- Data provided:
------------------------

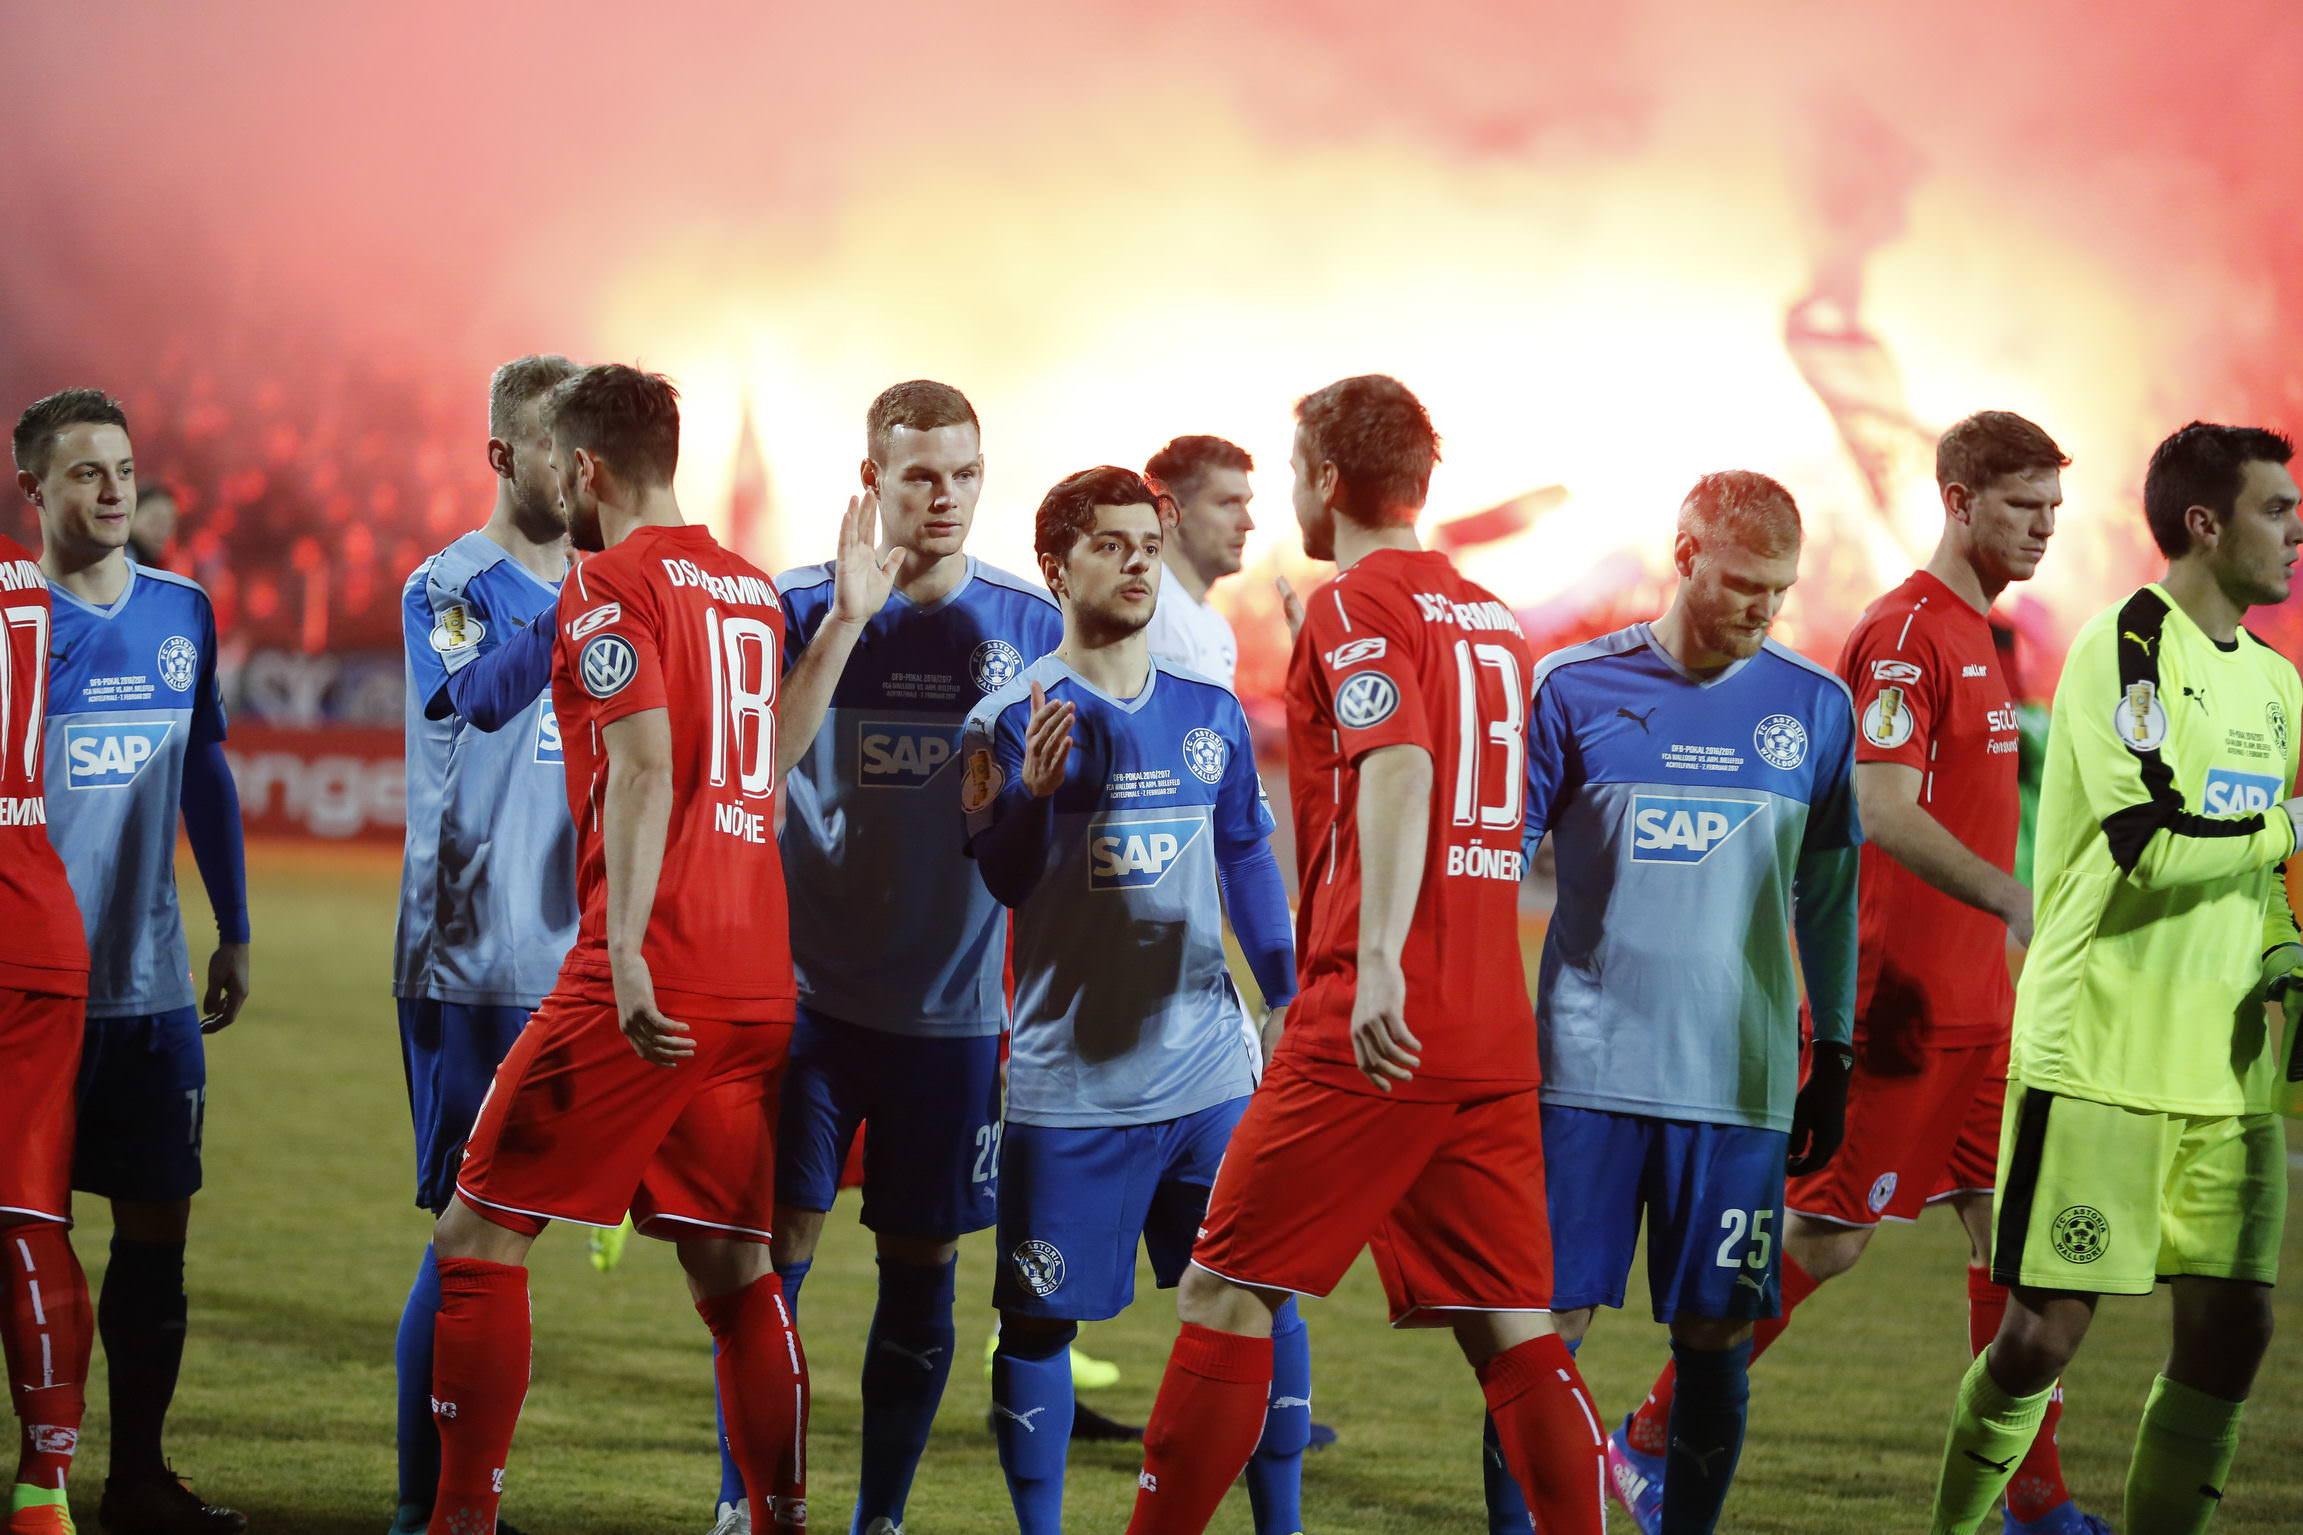 Fussball. DFB-Pokal, 2016-2017, 3. Runde. FC Astoria Walldorf - Arminia Bielefeld. 07.02.2017 -
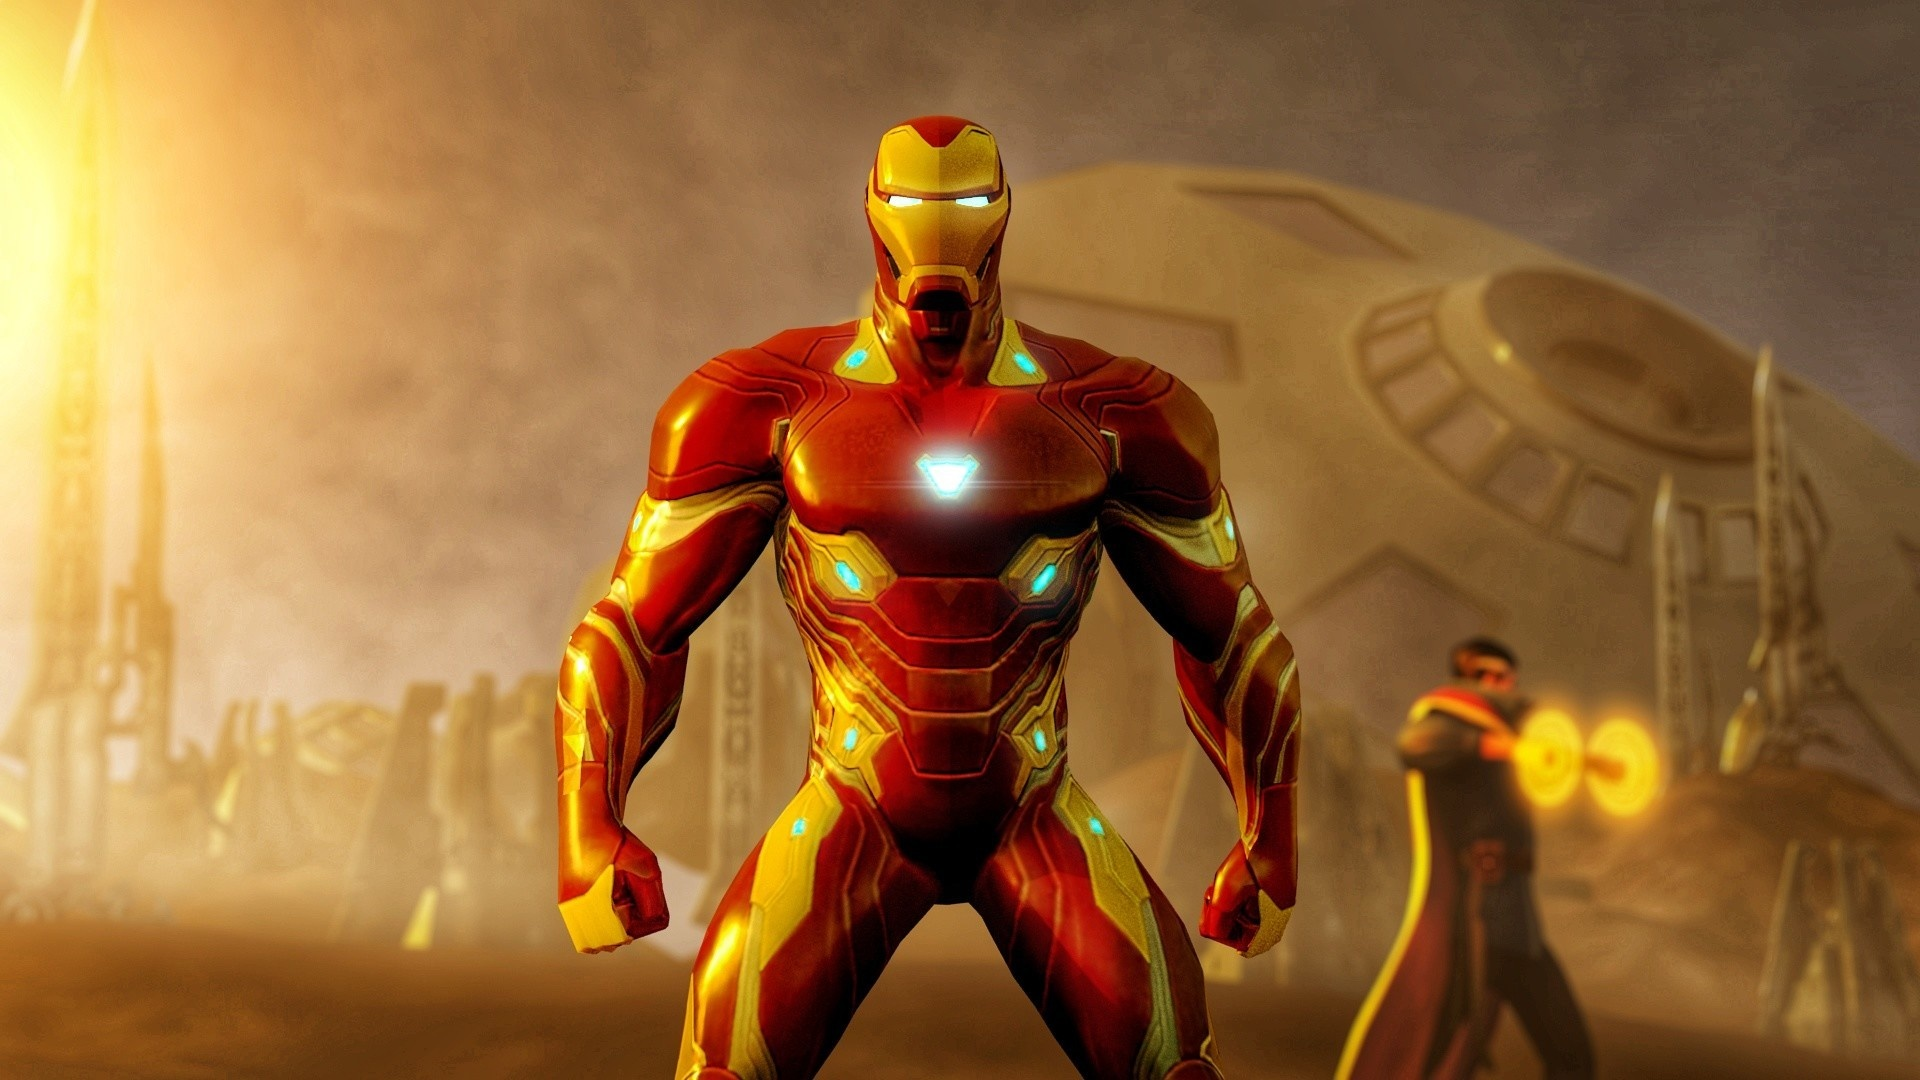 Download 1920x1080 Wallpaper Iron Man Vibranium Suit
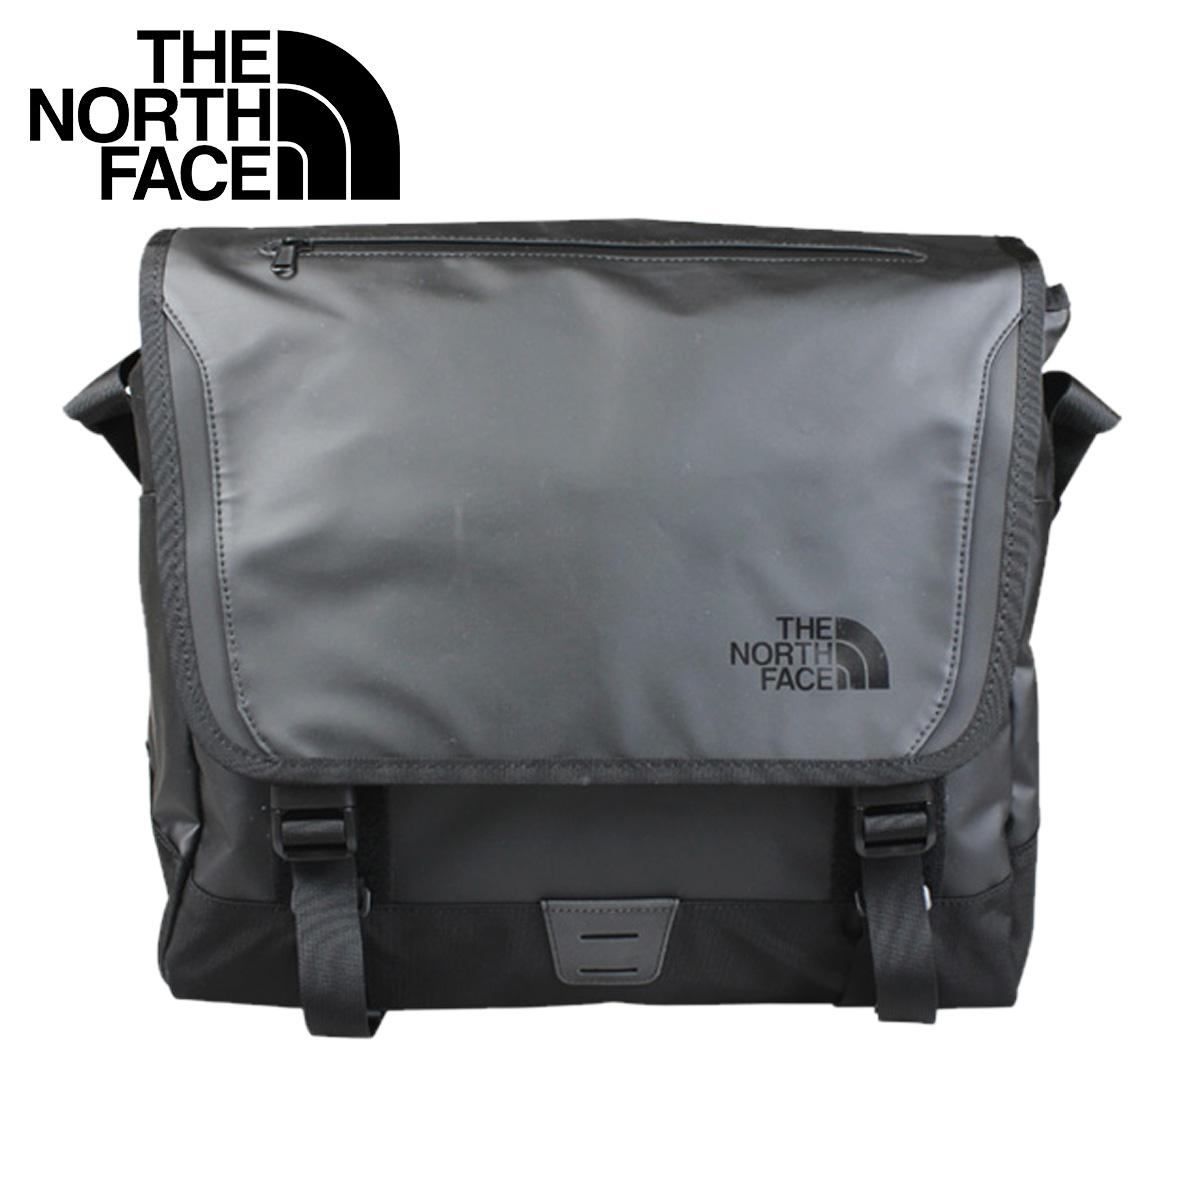 The North Face Base Camp Messenger Medium Bag Style A7ku
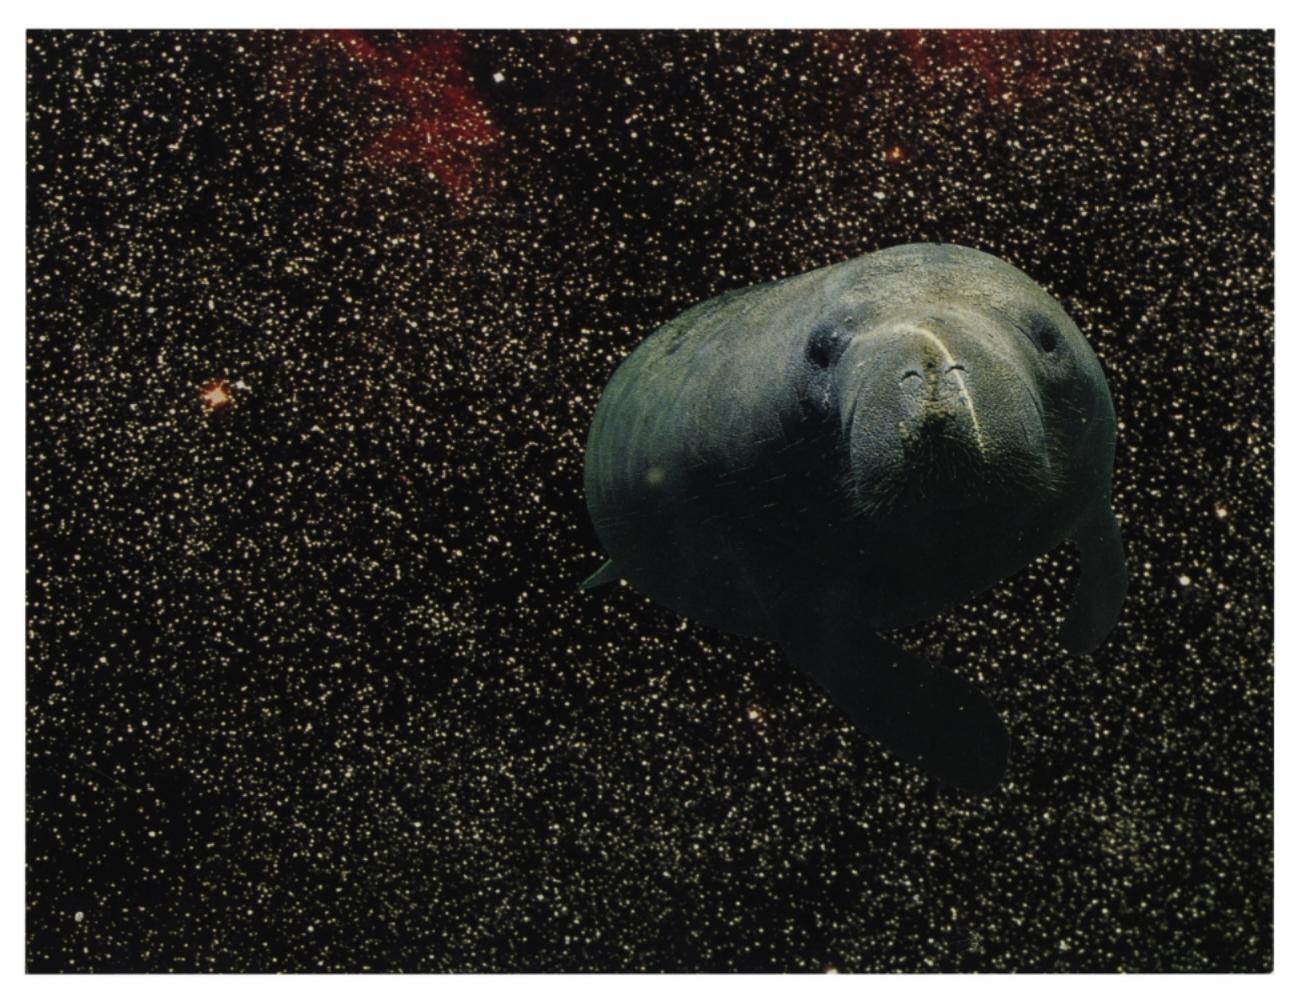 Cosmic Manatee

------------------------

- Activity: Except for the pictures, please retype the listing above exactly.

- Task response:
 Fussball. DFB-Pokal, 2016-2017, 3. Runde. FC Astoria Walldorf - Arminia Bielefeld. 07.02.2017 -
 Download 1920x1080 Wallpaper Iron Man Vibranium Suit
 The North Face Base Camp Messenger Medium Bag Style A7ku
 Cosmic Manatee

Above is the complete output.